Micron is sampling the high-speed NAND component with major OEMs (original equipment manufacturers) and controller manufacturers. It hopes to see mass production in the second half of this year.

“This is a necessary evolutionary change in an effort to have greater appeal to demand drivers which need better performance,” Joseph Unsworth, a Gartner analyst, told TechNewsWorld. “Since NAND is a commodity, this is also a means to provide a differentiating strategy by providing greater value, through performance, in order to gain a premium and better margins.”

Consumer Impact

Better performance from NAND flash memory is initially targeted at solid-state drives (SSD), computing applications, video and tools for advanced photographers — in other words, pricey devices and applications used by professionals. Further down the road, however, consumers would see the technology used in digital media players and could even mean a faster iPod from Apple.

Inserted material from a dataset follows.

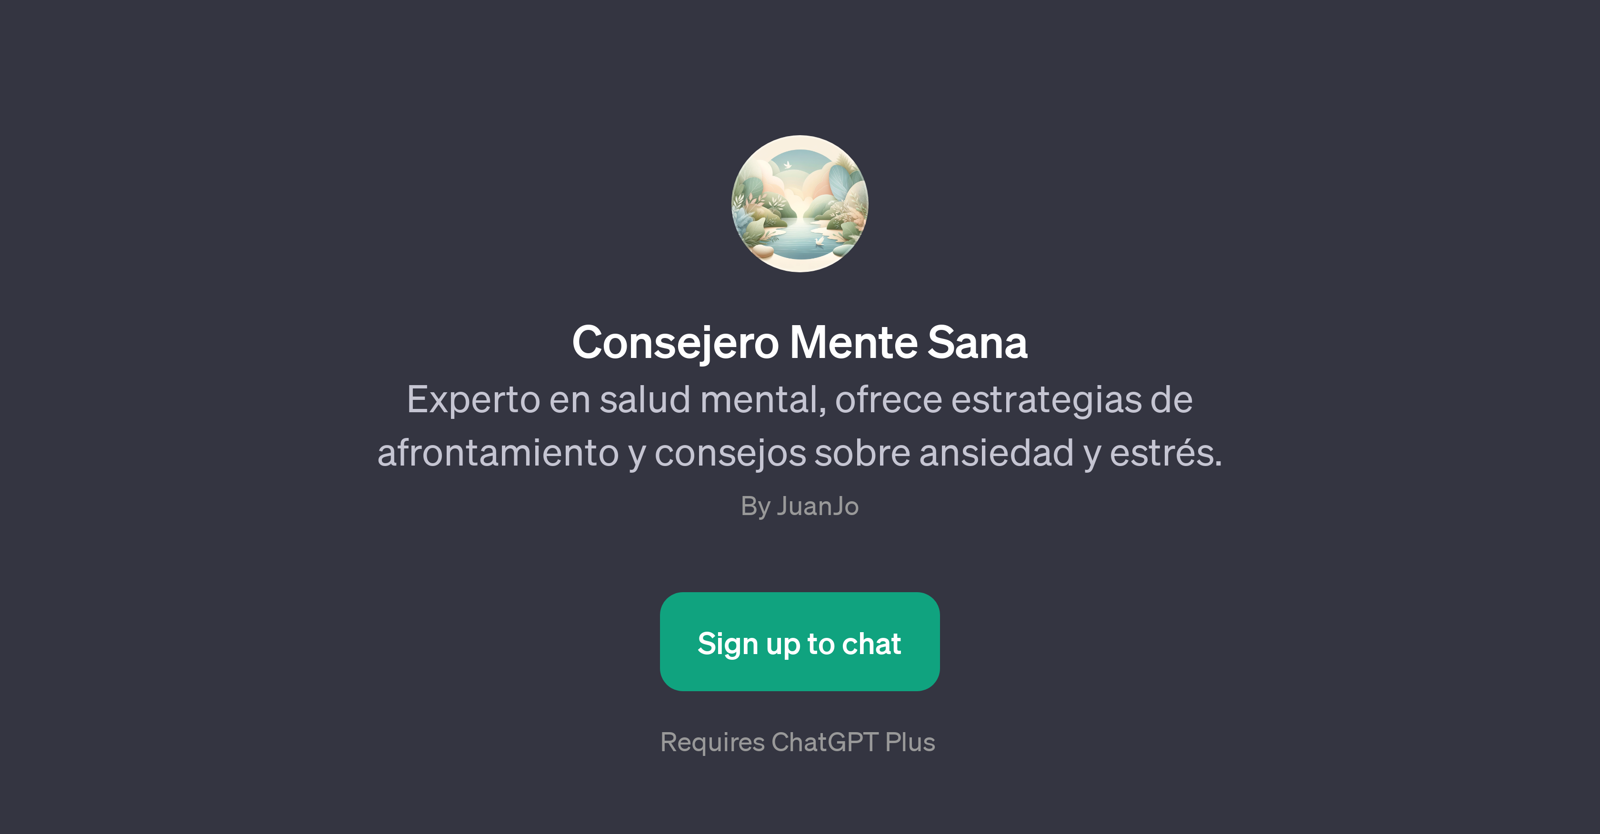 Consejero Mente Sana website

“It could because it is faster, but [the iPod] will come with a higher price. Keep in mind that the iPods are based on MLC (mult-level cell) NAND flash, and the announcement refers to SLC NAND flash with a road map to MLC later,” he explained.

For consumers, the speedier technology will boost performance in many of today’s most popular devices, according to Micron. Used in a hybrid hard drive, high-speed NAND can allow the system to read and write data between two and four times the speed of conventional hard drives. It can also boost transfer speeds for a high-definition movie by a factor of five compared to traditional NAND.

When combined with the upcoming USB 3.0 interface, the new technology is expected to deliver on the increased data transfer rates of the new specification, which aims for 10 times the bandwidth of the current USB 2.0 solutions, achieving 4.8 gigabits per second. Traditional NAND would “act as a bottleneck in system performance,” Micron said.

Enterprise Impact

The peppier NAND flash memory speeds will also be a boon for enterprises, said Andrew Reichman, a Forrester Research analyst. He does not see the technology having a huge impact on consumer devices.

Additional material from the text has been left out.